- **WHAT IS EXPECTED**
The answer is all of the data repeated exactly, with each picture omitted.

*** THE DATA Section Begins ***

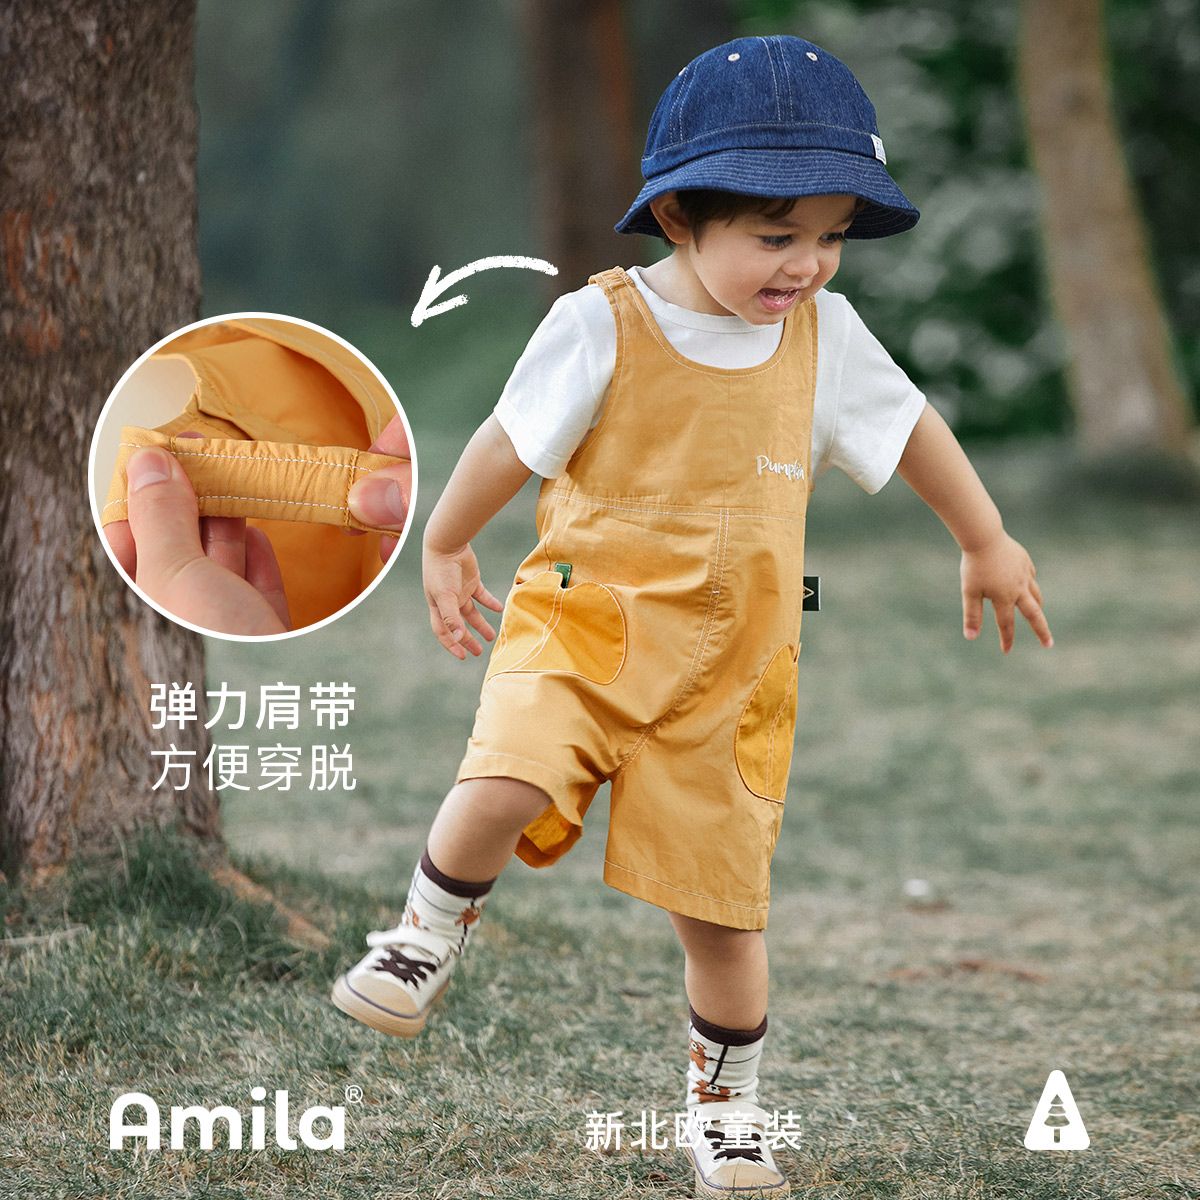 Amila boy and girl suit 2022 summer new pumpkin series children's baby T-shirt + overalls two-piece trendy
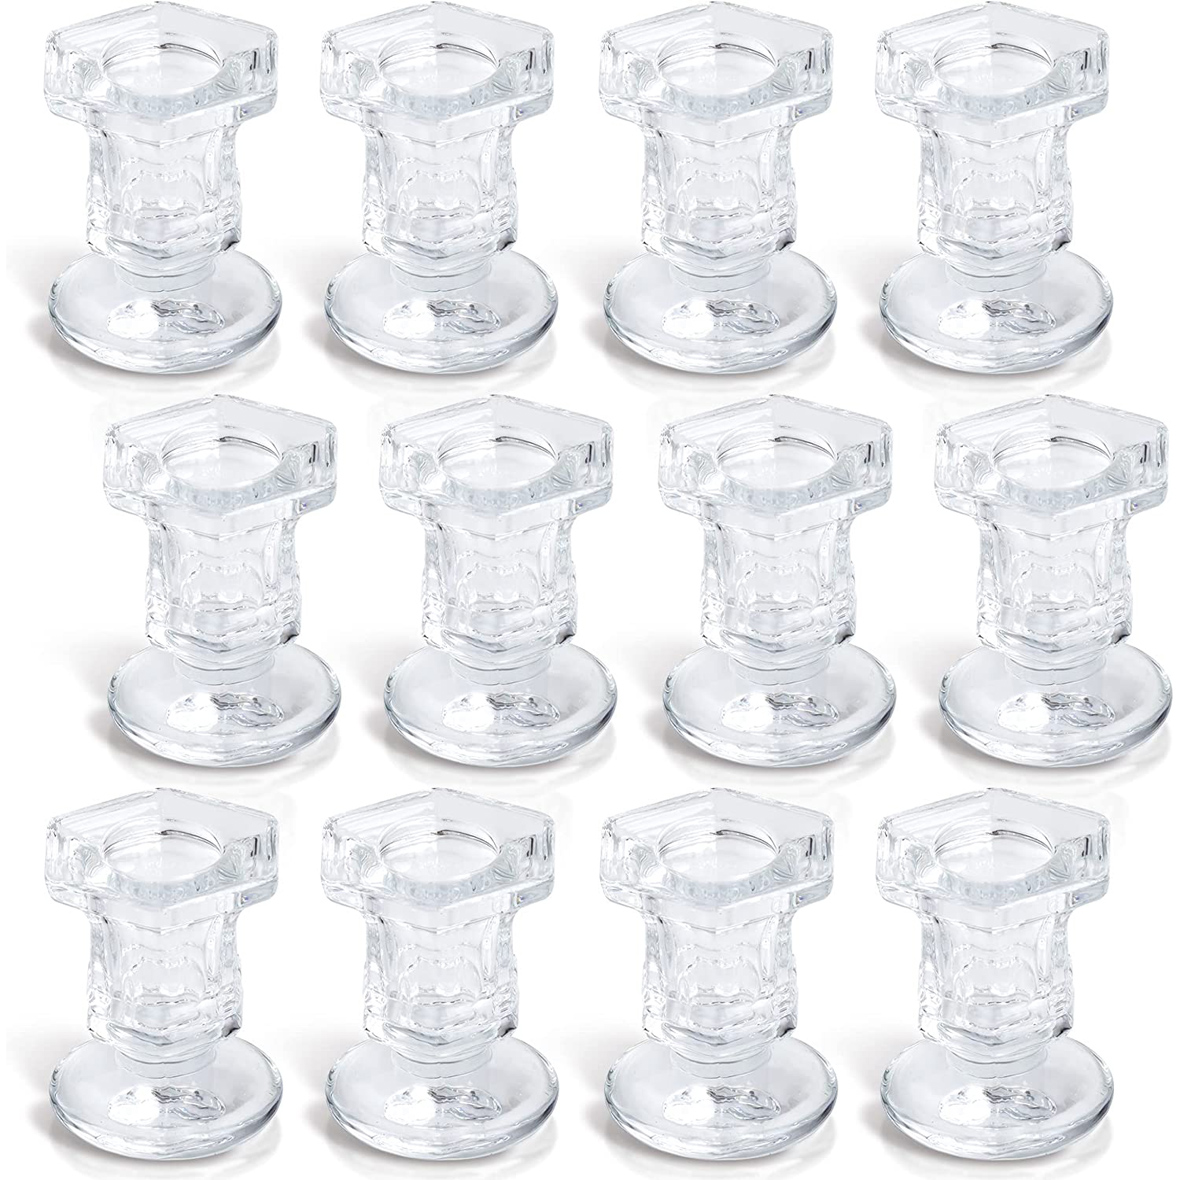 Yongmao Glass Candlestick Holders Set of 12, 2.5" H Taper Candle Holders, Clear Glass Candle Holders for Home Decor, Wedding, Anniversary, Festival, Party Centerpiece
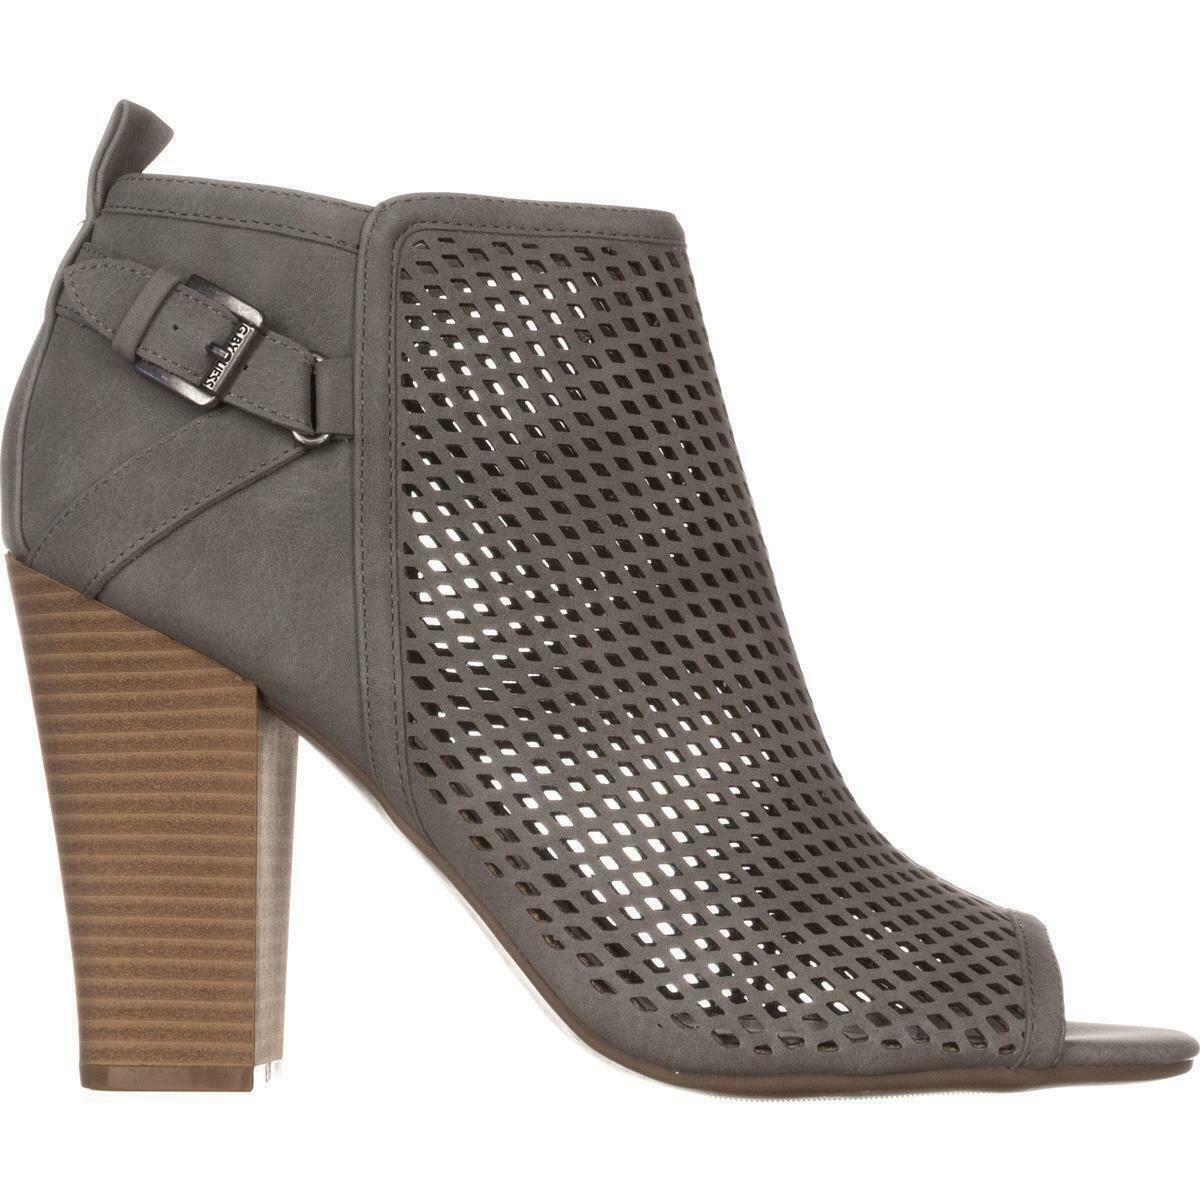 G by Guess Jerzy Peep Toe Ankle Booties, Dark Gray, 7 US - Boots

*** THE DATA Section Ends ***

- **RESULT OF THE EXERCISE**
 Amila boy and girl suit 2022 summer new pumpkin series children's baby T-shirt + overalls two-piece trendy
 Yongmao Glass Candlestick Holders Set of 12, 2.5" H Taper Candle Holders, Clear Glass Candle Holders for Home Decor, Wedding, Anniversary, Festival, Party Centerpiece
 G by Guess Jerzy Peep Toe Ankle Booties, Dark Gray, 7 US - Boots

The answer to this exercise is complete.